From 2015 to 2018, The Babe hosted a regular podcast through the Radio Influence platform. Her guests included female sportscasting pioneers like Linda Cohn, Suzyn Waldman, Christine Brennan, Jackie MacMullan, and Lesley Visser.

In 2018, The Fabulous Sports Babe was inducted into the National Radio Hall of Fame.

==Personal life and other works==
Nanci Donnellan was born on June 7, 1948, at Newton-Wellesley Hospital in Newton, Massachusetts. Her father abandoned her as a toddler, and her mother and stepfather frequently moved around as a child, preventing her from establishing long-term friendships; she has also hinted that her family disapproved of her going into the radio business, and she did so partially out of spite.
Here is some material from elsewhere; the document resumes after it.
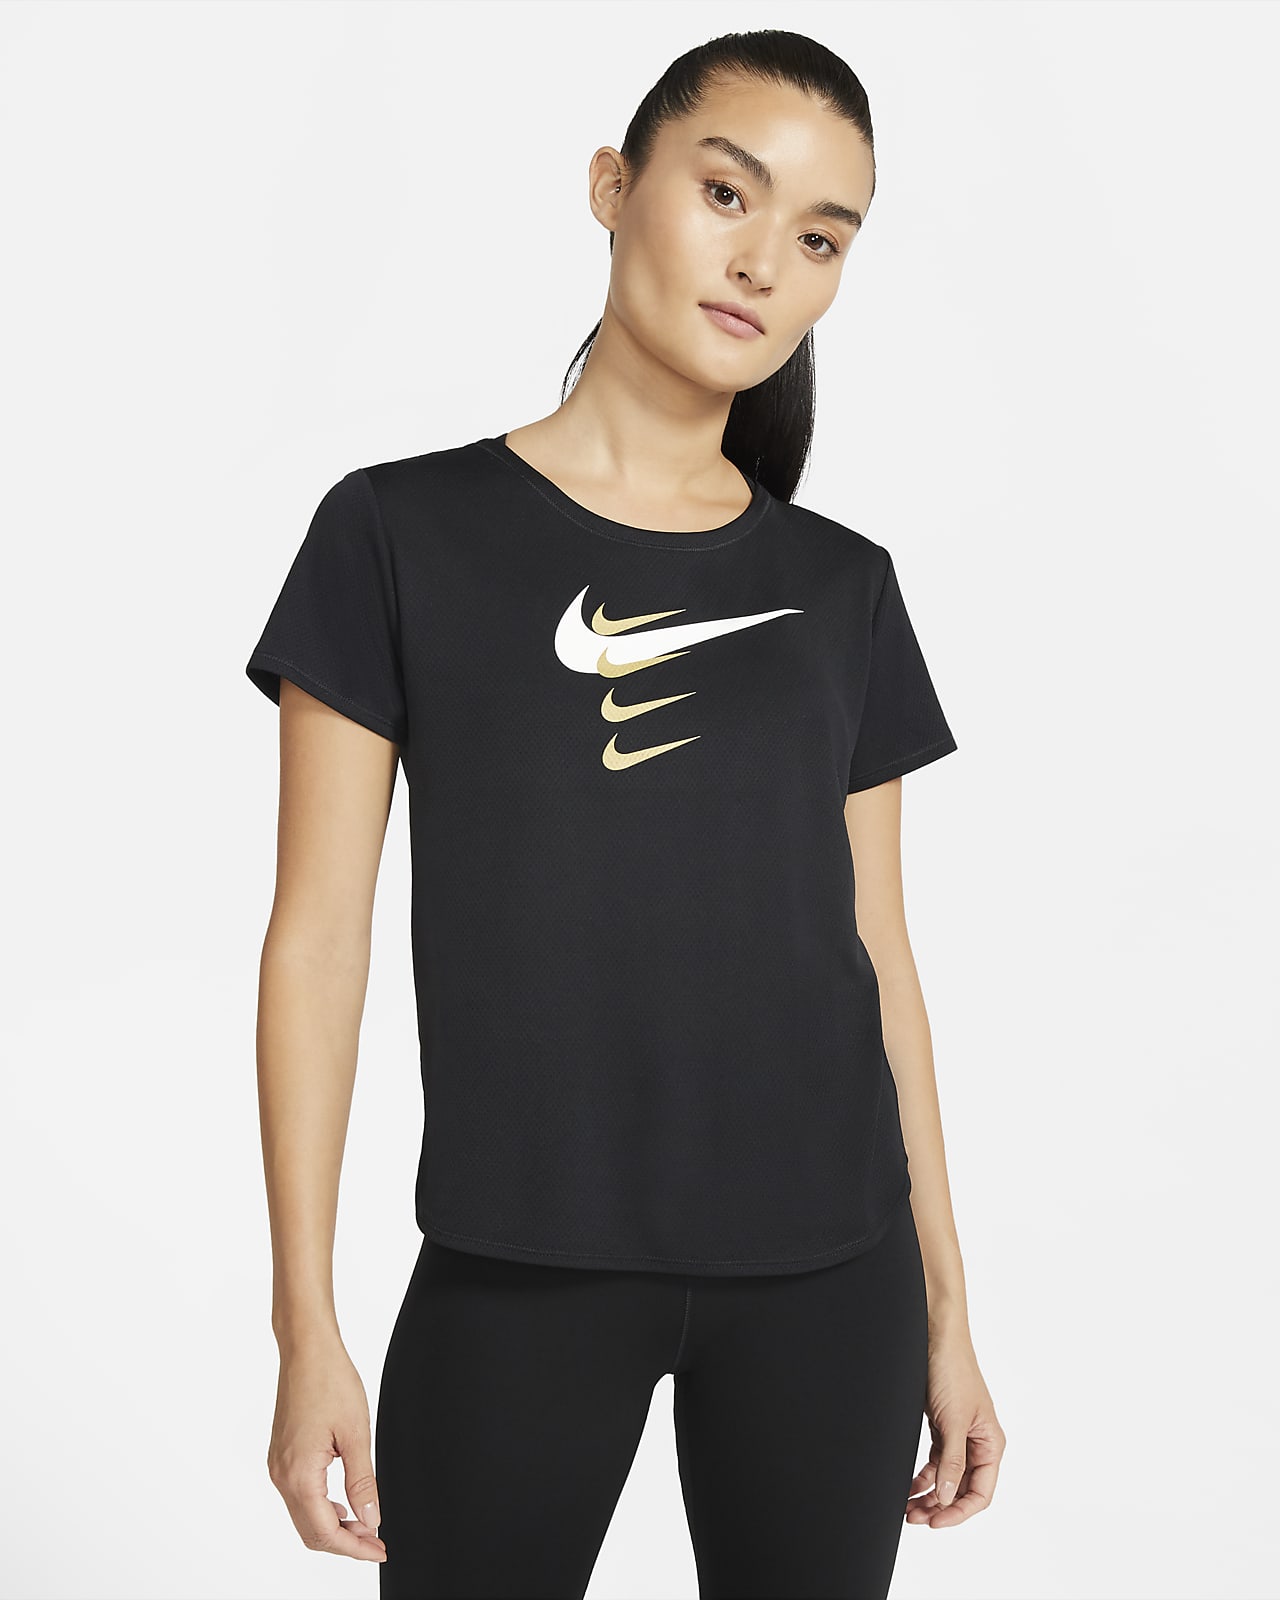 Short-Sleeve Running Top. Nike SG

She graduated from Clover Park High School in Lakewood, Washington, in 1966. She attended, but did not graduate from, the University of Tampa and Northeastern University.

Donnellan has made a point of keeping her on-air persona of "the Fabulous Sports Babe" and her real-life wholly separate; she seldom speaks of her personal life out of fear that it would be a distraction (particularly her romantic life, only to admit that she has one, and that although she has not come out herself, she is sympathetic to LGBT causes). Grantland.com interviewed Donnellan, though she only offered brief, repeated and irritated responses to questions about her personal life.

Donnellan currently resides at her St. Pete Beach, Florida, home in Pinellas County. She was a season-ticket holder for the Tampa Bay Rays and can be seen at Tropicana Field from time to time.

With Neal Karlen, she wrote a 1996 book, The Babe in Boyland, in which she discussed men, women, football, goalies, strikes, and clueless sports executives in a unique style.